进一步引入一些 codes 的类别定义:

  • A code \(C\) is said to be nonsingular if \(x\neq x' \Rightarrow C(x)\neq C(x')\).

  • the extension \(C^*\) of a code \(C\) is \(C(x_1 x_2 ... x_n)=c(x_1)C(x_2)...C(x_n)\).

  • A code is called uniquely decodable if its extension is nonsingular.

  • A code is called a prefix/ instantaneous code if no codeword is a prefix of any other codeword.

我们的目标:

We wish to design prefix codes with minimum \(L(C)\). If we assign the short codewords to all source symbols, \(C\) may not be prefix-free. So Kraft inequality gives the limitation of codeword lengths for prefix codes.

Thm. 5.2.1 (Kraft Inequality) For any prefix code over an alphabet of size \(D\), the codeword lengths \(l_1,l_2,...,l_m\) must satisfy the inequality

\[\sum_{i=1}^{m} D^{-l_i} \leq 1 \]

Conversely, given a set of codeword lengths that satisfy (1), there exists a prefix code with these word lengths.

证明:

  • Consider a D-ary tree, which means each node in this tree has D children.

  • Assign \(\{0,1,..., D-1\}\) to the branches arising from one node(including the root).

  • Then, each codeword is represented by a leaf on the tree, the specific symbols of each codeword are the path from root to this leaf.

  • The above figure is an example of D=2.

  • Let \(l_m\) be the length of the longest codeword, then if the code tree is complete, on \(l_m\)-th layer, there are \(D^{l_m}\) nodes/ leaves.

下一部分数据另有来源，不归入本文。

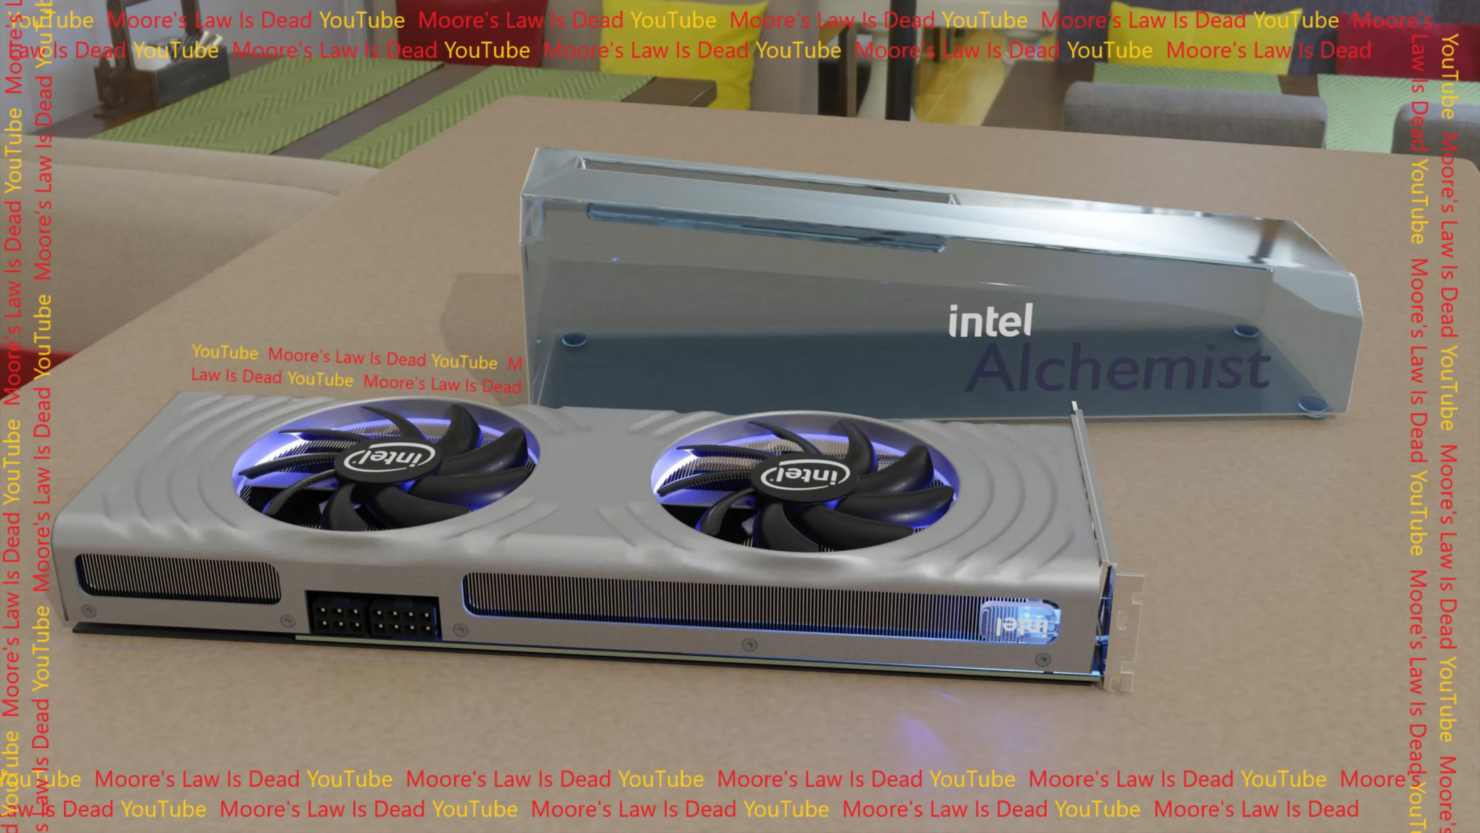 intel-arc-alchemist-reference-graphics-card-final-design-renders-_5
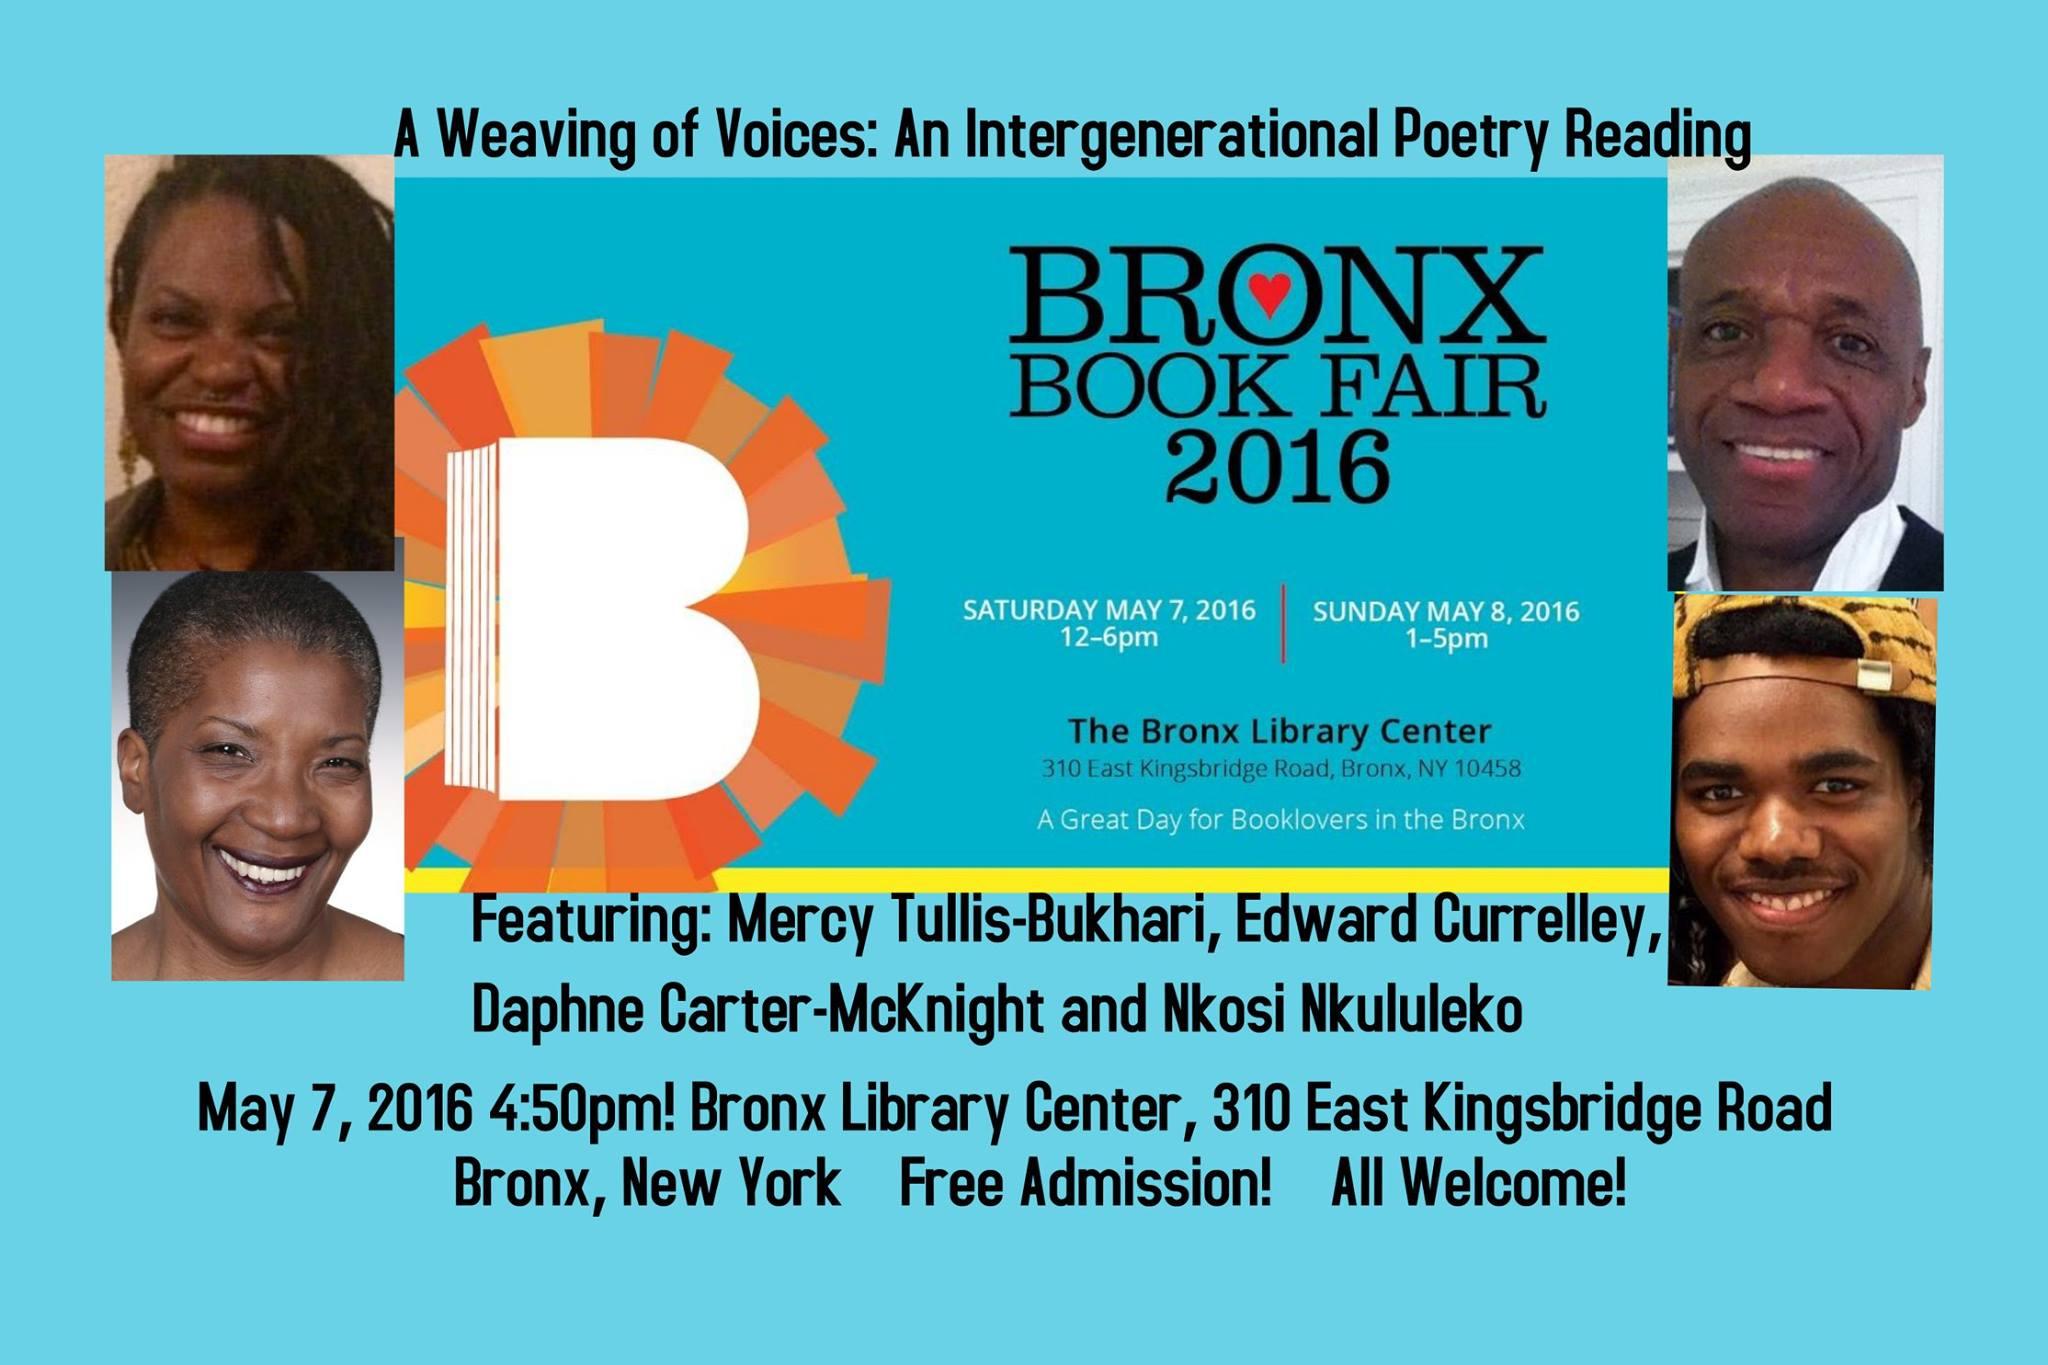 Bronx Brook Fair 2016

  • If there is a leaf at level \(l_i\) (\(l_i \leq l_m\)), which means its \(D^{l_m-l_i}\) desendants at level \(l_m\) don't exist in the tree, because \(C\) is prefix-free.

  • Then, it is very obvious that the number of these descendants are less than or equal to \(D^{l_m}\):

\[\sum_{i=1}^{m} D^{l_{m}-l_i} \leq D^{l_{m}} \Rightarrow \sum_{i=1}^{m} D^{-l_i} \leq 1 \]